There are plenty of real-life examples of the impact of data quality issues in fintechs having a material business impact. For example, the Bank of England was fined £44m due to poor data quality and several longstanding deficiencies in its data governance.
In this article, we’ll look into the top challenges fintech data teams face and some steps to overcome them.
Reconciliation as the source of data issues
Challenge: Manual data reconciliation creates inconsistencies
A common cause of issues for fintech companies is data across source systems needing to match. It’s not uncommon to rely on multiple source systems for core processes. For example, a challenger bank may use several 3rd party providers for KYC checks but also use internal tools. When data differs across these systems, it can have downstream business implications.

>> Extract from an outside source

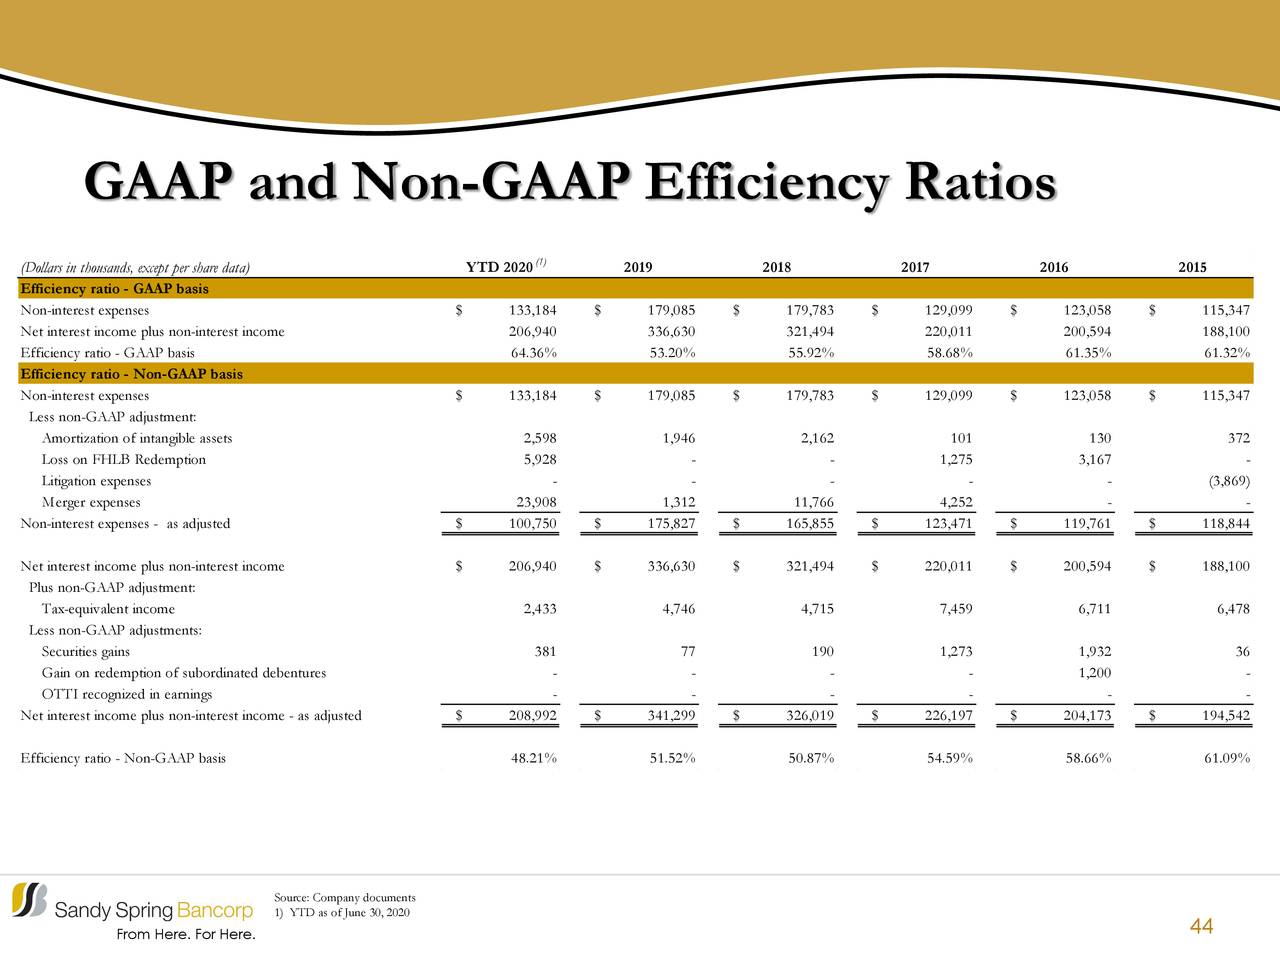 Ratios de eficiencia GAAP y no GAAP

“We bring in data from three different systems—our origination platform, servicing platform, and internal loan engine. If we write a loan, we expect the same loan amount, interest rate, reversion rate, etc., on the offer letter to match up with all of the systems. However, we were finding small errors where someone changed data in one place, and it hadn’t synced through to other systems, or they retrospectively changed the data after we had already produced reports or offers.” - Rupert, Data Lead at LendInvest
For businesses operating in the heavily regulated financial services sector, this kind of mismatch can be much more than a mere annoyance. For example, making errors on loan offers and failing to provide pristinely audited data pose serious issues, and even relatively small mistakes can result in severe reputational and regulatory consequences.
With potentially hundreds of systems to reconcile, often across millions of customers, doing this manually can take a lot of effort, have a slow turnaround time, and be prone to human errors.

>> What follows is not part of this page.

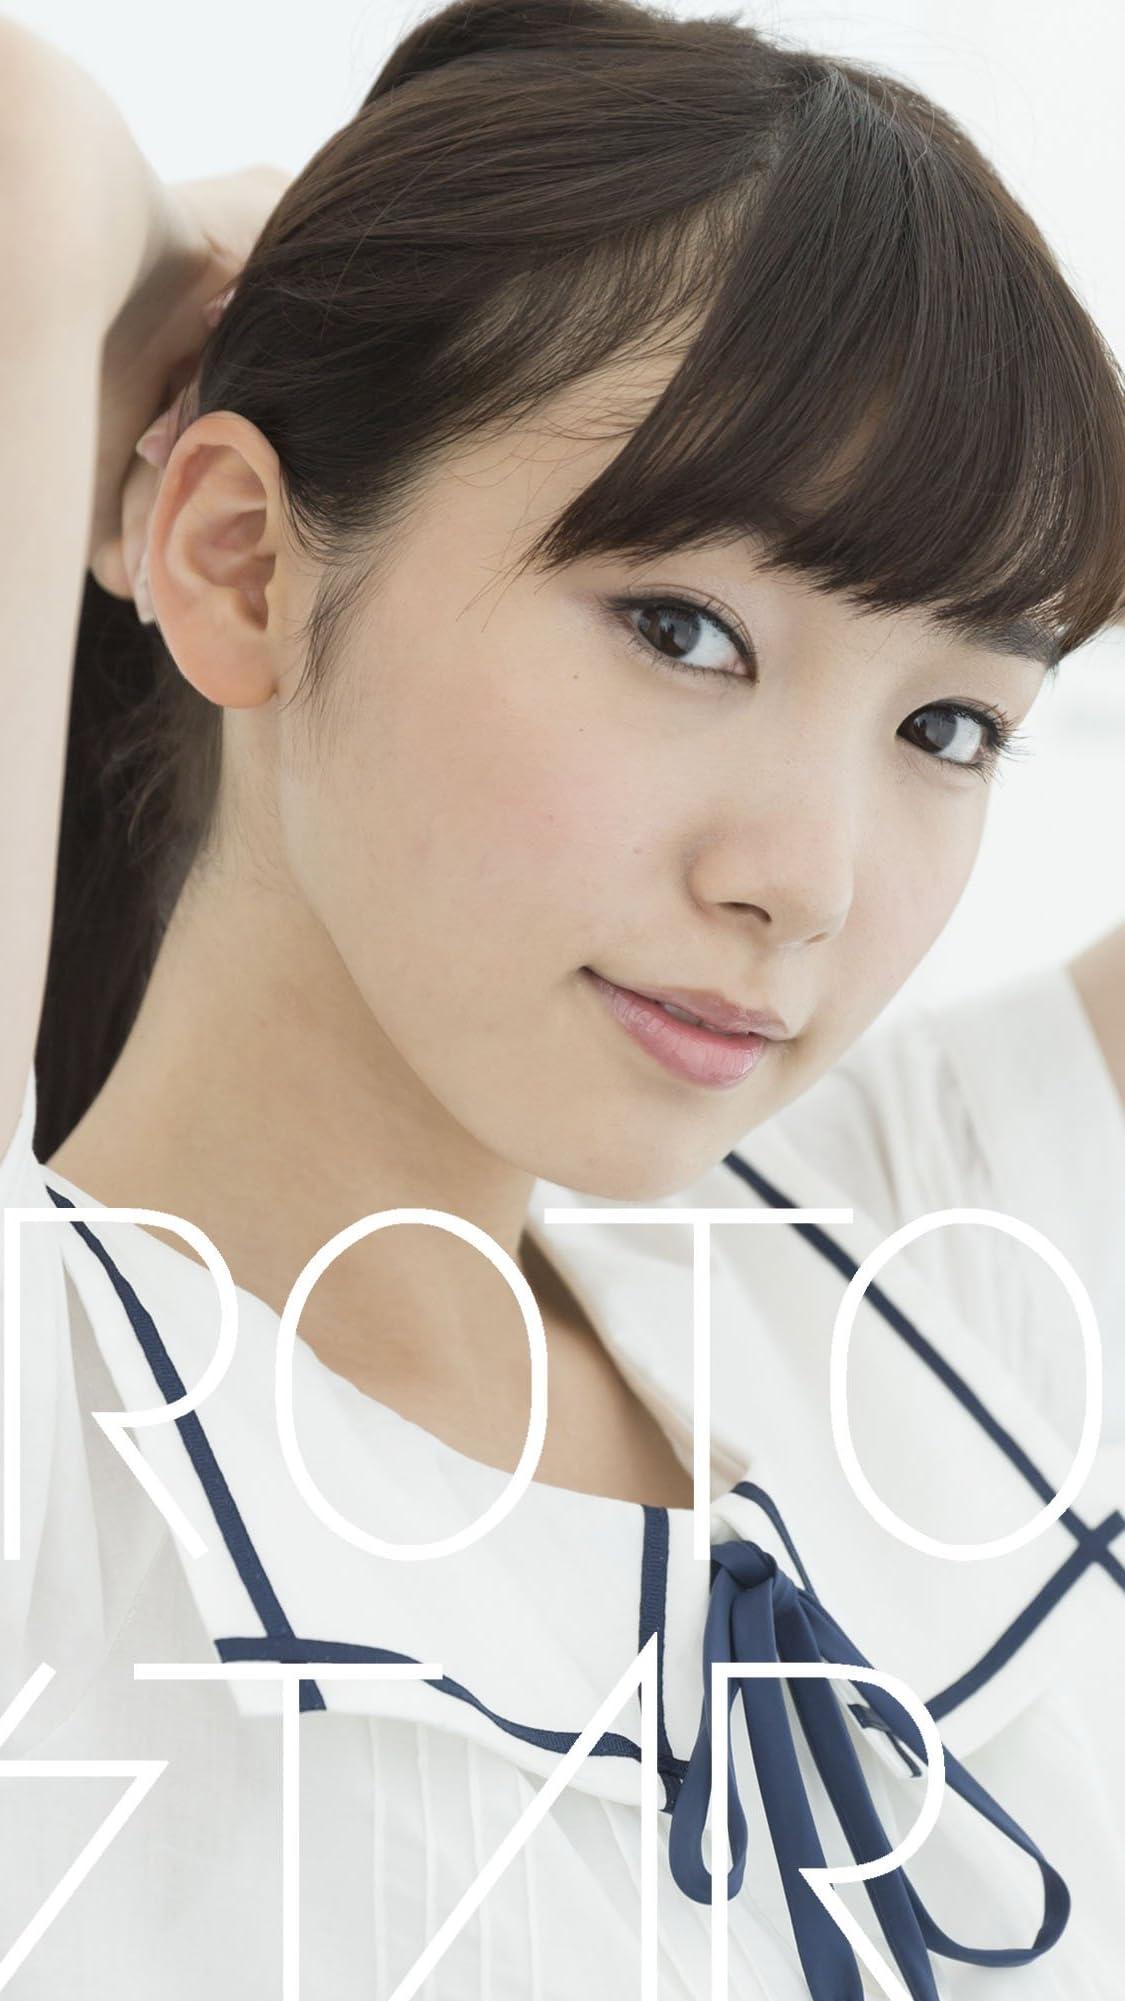 飯豊まりえ PROTO STAR vol.1 iPhone8,7,6 Plus 壁紙 拡大(1125×2001)画像

Challenge: Unclear ownership between owners and the data team
Often, end-users or the data team detect issues caused by reconciliation errors. However, the people responsible for fixing the underlying issue, such as an underwriter or a lending team, are only sometimes in the know. This creates a lack of ownership, results in slow issue resolution times, and puts additional pressure on the data team that has to triage and escalate issues outside their control.
Solution: Automating data reconciliation with assertion tests and active ownership model
dbt provides a robust testing suite to encode business exceptions into tests that can be run several times daily to proactively catch issues where data does not match in source systems. In addition to the out-of-the-box tests dbt offers, we recommend using dbt-expectations to encapsulate even advanced business logic into code.
For example, LendInvest, one of the largest non-bank mortgage lenders in the UK, implemented an industry-leading automated reconciliation system using dbt Cloud, Synq, and Metabase.
First, the data team built dbt models to extract and transform loan data from the organization’s three core systems before normalizing it into comparable formats. Custom dbt assertion tests then check for discrepancies across the systems, such as differences in the loan amount, interest rate, or other key fields.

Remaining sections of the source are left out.